Ten kilometres later, the crunch of my wheel rims on the road convinced me that I should really do something about the situation, so I stopped at a service station and put a new tube in. Fittingly, I couldn't find a puncture in the old tube, even after inflating it to about 80 psi, so it must really have been a minuscule hole. It was good to stop anyway and stretch my legs a bit, so the interruption didn't bother me too much.

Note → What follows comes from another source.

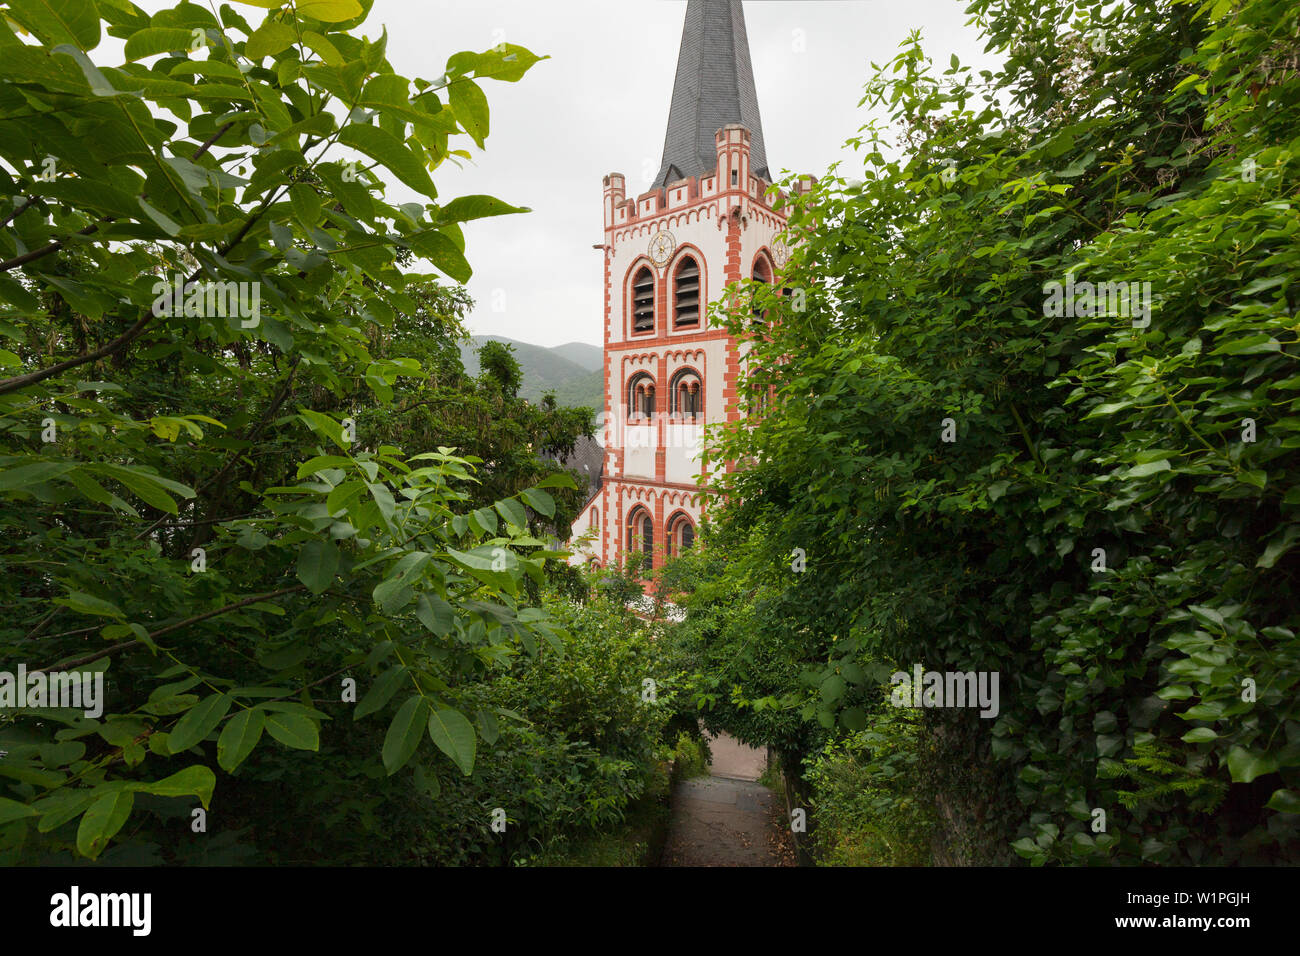 St. Peters church, Bacharach, Rhine river, Rhineland-Palatinate, Germany Stock Photo

Checking the map, I discovered that once again, I was going to have to get up close and personal with the autovia. Like yesterday though, it was absolutely fine with a wide shoulder and considerate drivers. I made a bit of a foolish mistake when I first turned onto the highway, following a sign for a 'cambio de servicio', which I translated as a service road, but which would be better defined by the term 'service track'. It would've been fine in summer, but after the rain of the previous night, the dirt road soon became a muddy disaster. My mudguards were clogged within a minute and my wheels sank into the ground so I couldn't even ride and had to push the bike. Then to add insult to injury, the path gave out when it reached a river, so I had to backtrack through all the mud again. Grumbling a bit, I spent five minutes cleaning out my cleats and mudguards with a stick and got back on the autovia.

That's where I stayed for the next forty km, going from city to city, often fighting a strong head/cross wind that was blowing from the Atlantic ocean. My destination for the night was Rota, a town on the coast that my map told me was serviced by a campground. There was a road leading there from Puerto de la Santa Margarita, so I hopped off the autovia and kept an eye out for a sign pointing that way. I couldn't for the life of me see any signage relating to Rota at all, so I went by my compass and headed North West. At one point I asked an old man for directions, and pointing down a dirt track he said he thought it was roughly that way.

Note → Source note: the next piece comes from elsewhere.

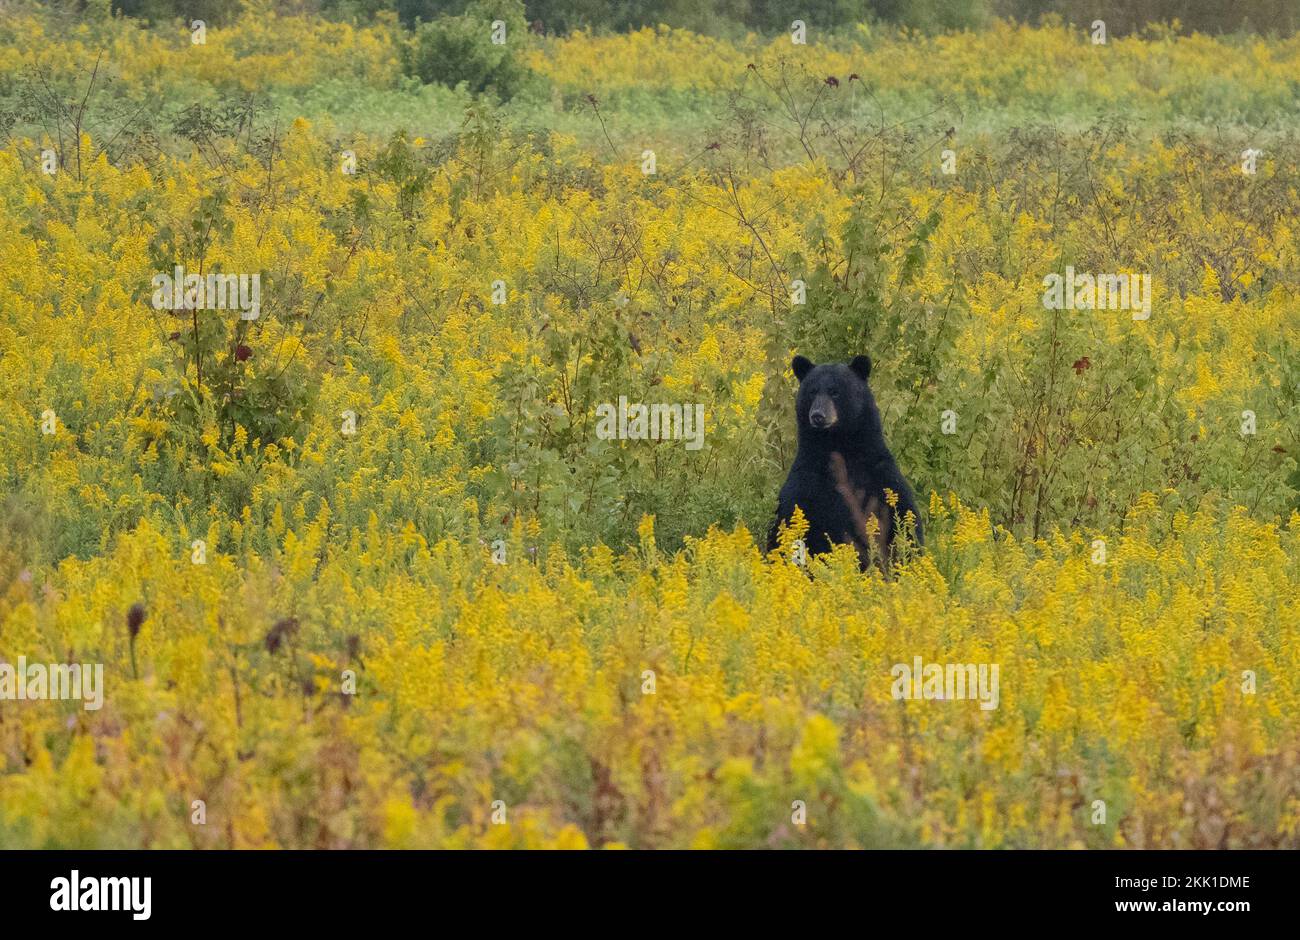 American Black Bear (Ursus americanus) standing in field of goldenrod Stock Photo

I probably should've known better after my experience with the mud a few hours before, but I went down it anyway and wound up in exactly the same kind of difficulty as the previous occasion. Grumbling again as I picked out the mud, I thanked my lucky stars I hadn't sustained a puncture from all the broken glass that had lined the track (people seemed to have treated it as a bit of an illicit dumping ground cum ATV obstacle course). I still couldn't see the road for Rota and there was no-one to ask, so I just went by my compass. Entering a maze of residential streets, I soon reached a dead end, so back I went, guided by directions from two helpful young gentlemen.

I hadn't really understood what they'd said, but following the way they'd pointed, I saw a road with a fair bit of traffic going down it. It was pointing North west, so I decided to give it a shot, and was finally rewarded for my persistence: it was the right way! It wasn't an easy way though with a headwind blowing the rain right into my face and slowing me down significantly. To top things off, I was very hungry and just wanted to stop for the night and eat dinner. Sheer willpower pulled me along those last few kms and with the sun dipping below the horizon, I made a bee line for a supermarket and stocked up on provisions for the next two days.

Well burdened with jars of beans and packets of muesli, I rode further into town with my lights flashing, looking for the promised camping ground. There were plenty of signs to guide me and having eaten a whole baguette I was happy to follow them, enjoying riding now that my hunger had been sated. There was a limit to how far I was prepared to go though. After having followed the signs for a good five km and having left the outskirts of the town, I started to wonder where on earth this campground was. There was no trace of it at all, and the signs had ceased to be any use at all, so I gave up and decided to stealth camp for the second night in a row.

Out here away from the lights of the town, there were plenty of excellent spots to choose from, and I crept stealthily behind the veil of trees lining the road and set up my tent on a bed of pine needles, gloriously dry thanks to the umbrella of branches over my head.